Consider the following homogeneous equation where $A$ and $X$ are matrices.
$$AX = 0$$
I want to know whether there are non trivial solutions for this equations.
Now, if $A^{-1}$ exists, then I can multiply throughout by it and get $X = 0$, so if $A$ is invertible, only the trivial solution exists.
However, I do not understand why $A$ being non-invertible would imply that non-trivial solutions exists, shouldn't it just imply that no solutions exist?
Best Answer
I'm going to assume that your $\mathbf A$ is a square matrix (or else $\mathbf A^{-1}$ doesn't really make sense).

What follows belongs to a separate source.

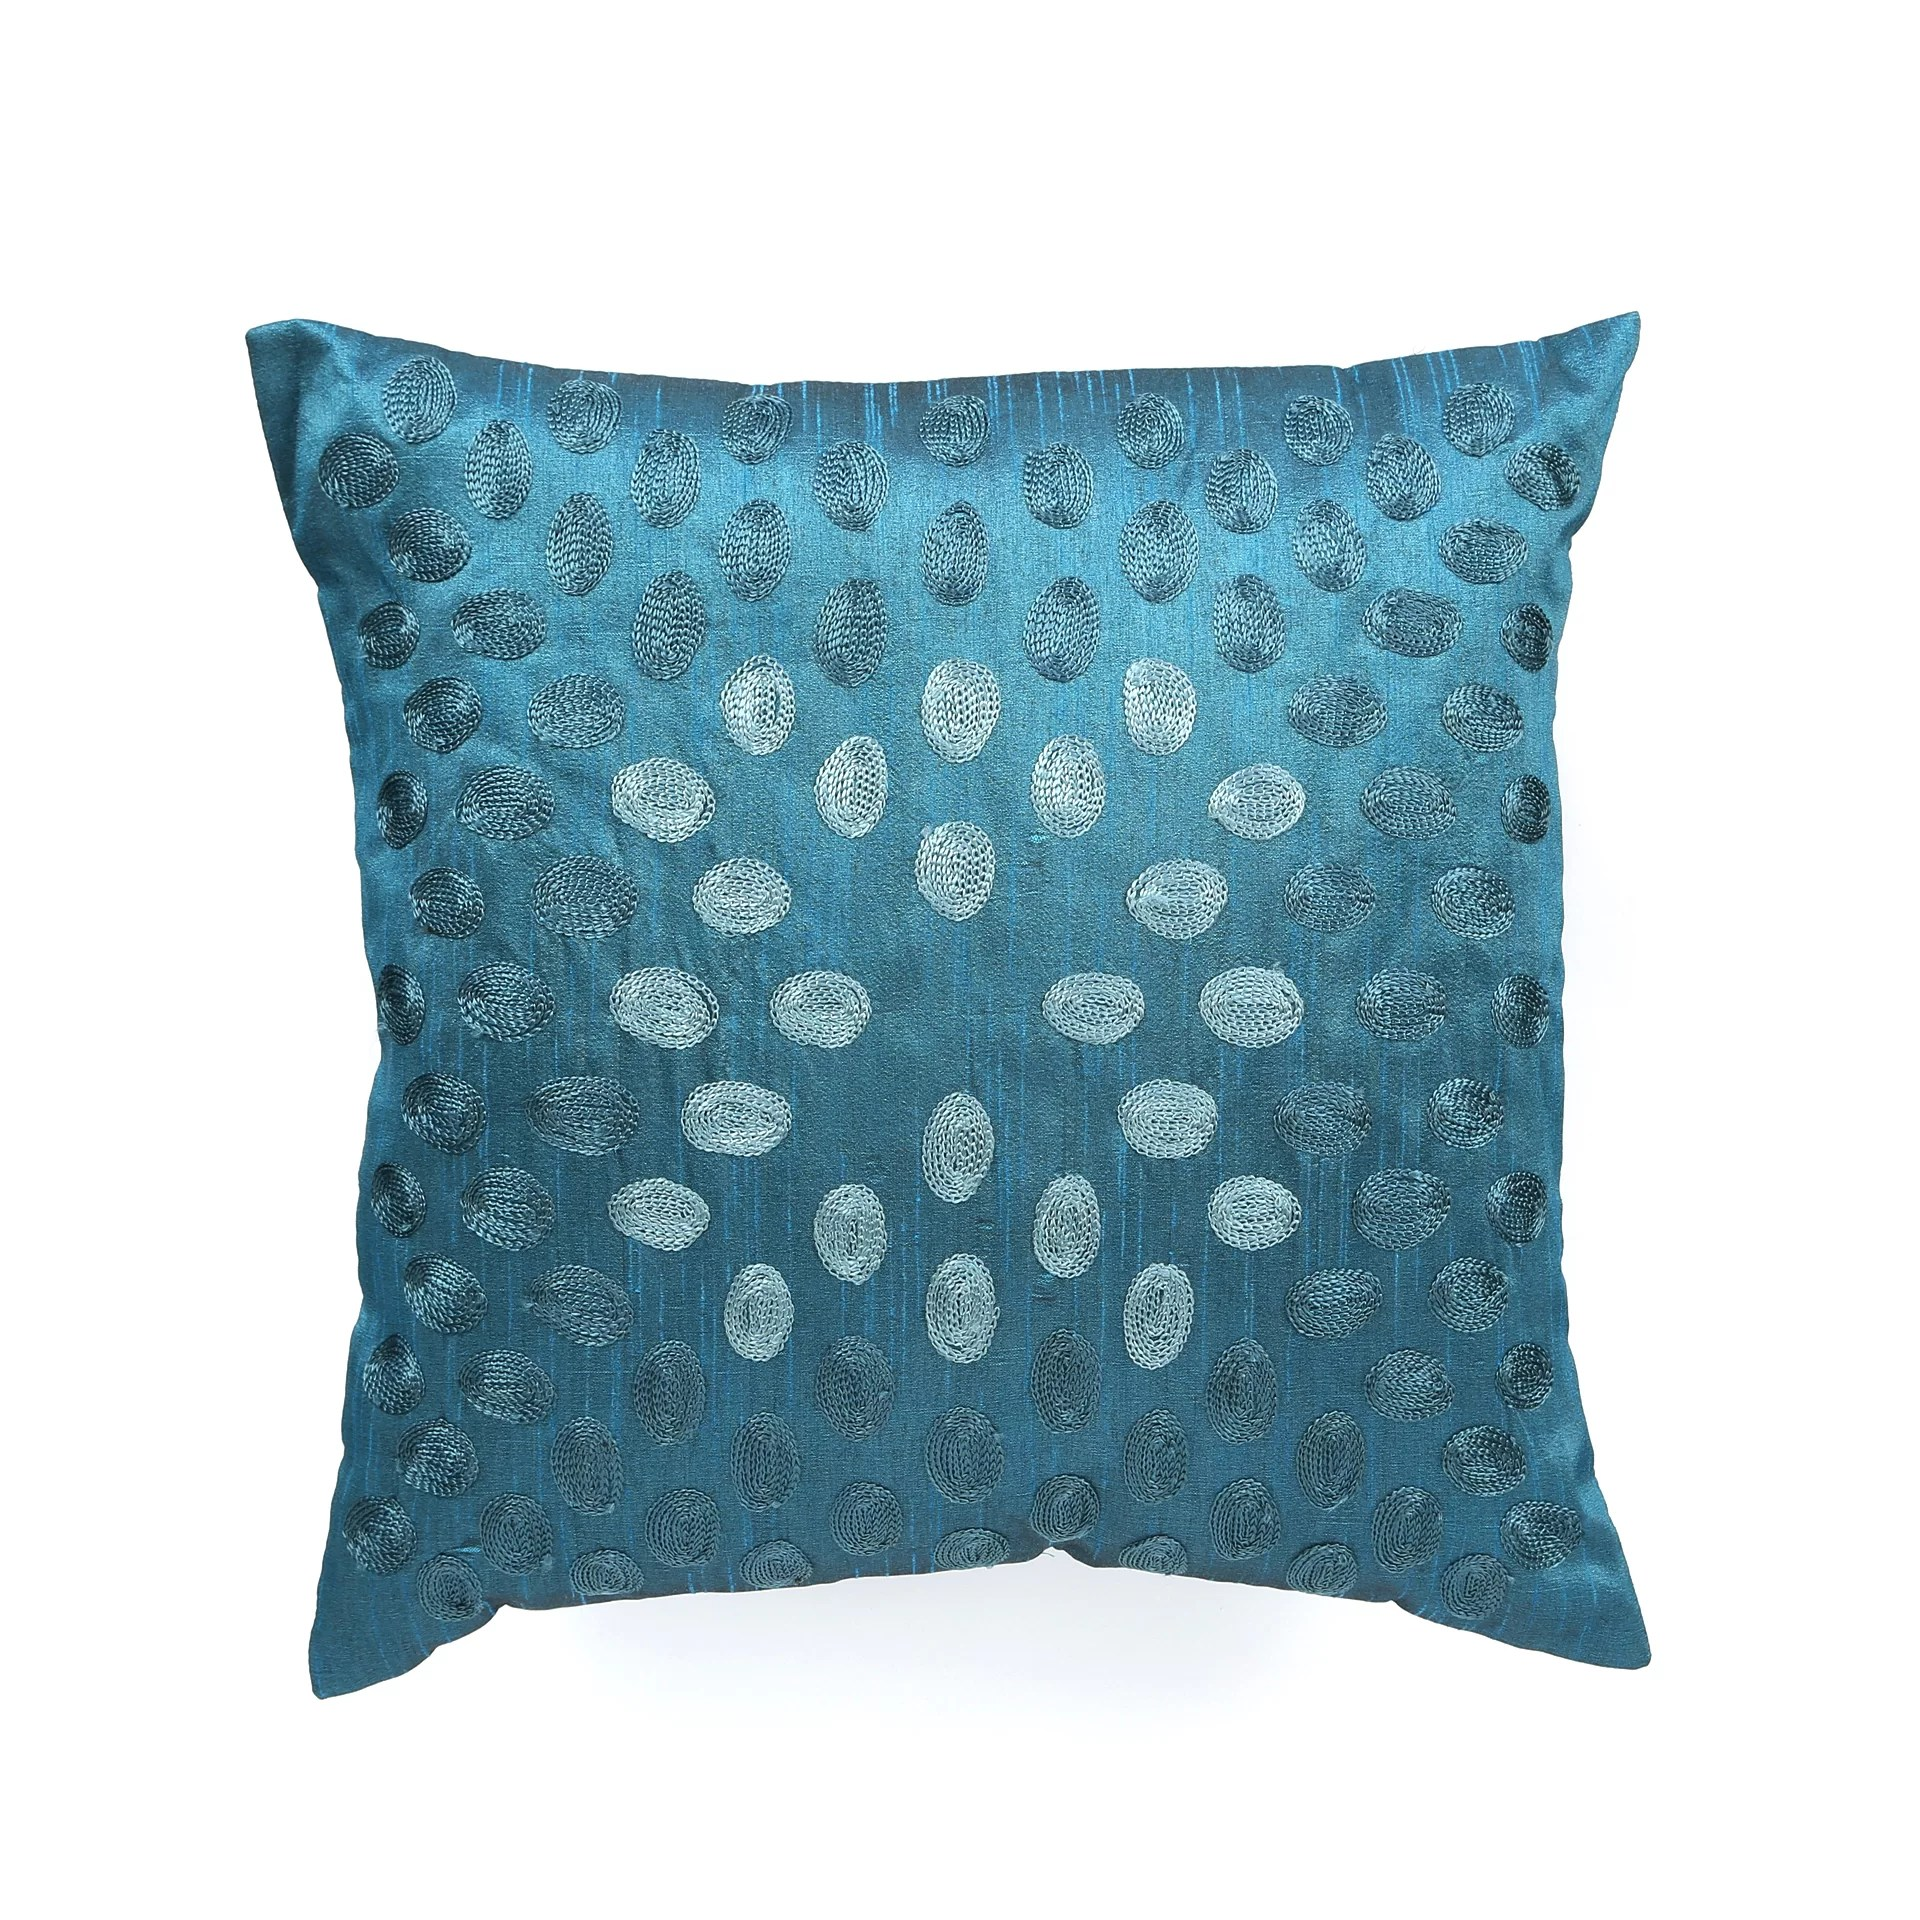 Wildon Home  Throw Pillow & Reviews

An alternative formula for the matrix multiplication between a $n\times n$ matrix and a $n\times 1$ matrix is a sum of the scalar multiples of $n\times 1$ matrices. That is, let $\mathbf A=\begin{bmatrix} \vec a\ \vec b\ \vec c\end{bmatrix}$, where $\vec a, \vec b, \vec c$ are column vectors, and let $\vec x = \begin{bmatrix} x \\ y \\ z\end{bmatrix}$. Then $\mathbf A\vec x = x\vec a + y\vec b + z \vec c$.
But if $\mathbf A$ is not invertible, then the vectors $\vec a, \vec b, \vec c$ are linearly dependent. So then there will be nontrivial solutions to $x\vec a + y\vec b + z \vec c=\vec 0$ and thus to $\mathbf A\vec x=x\vec a + y\vec b + z \vec c=\vec 0$.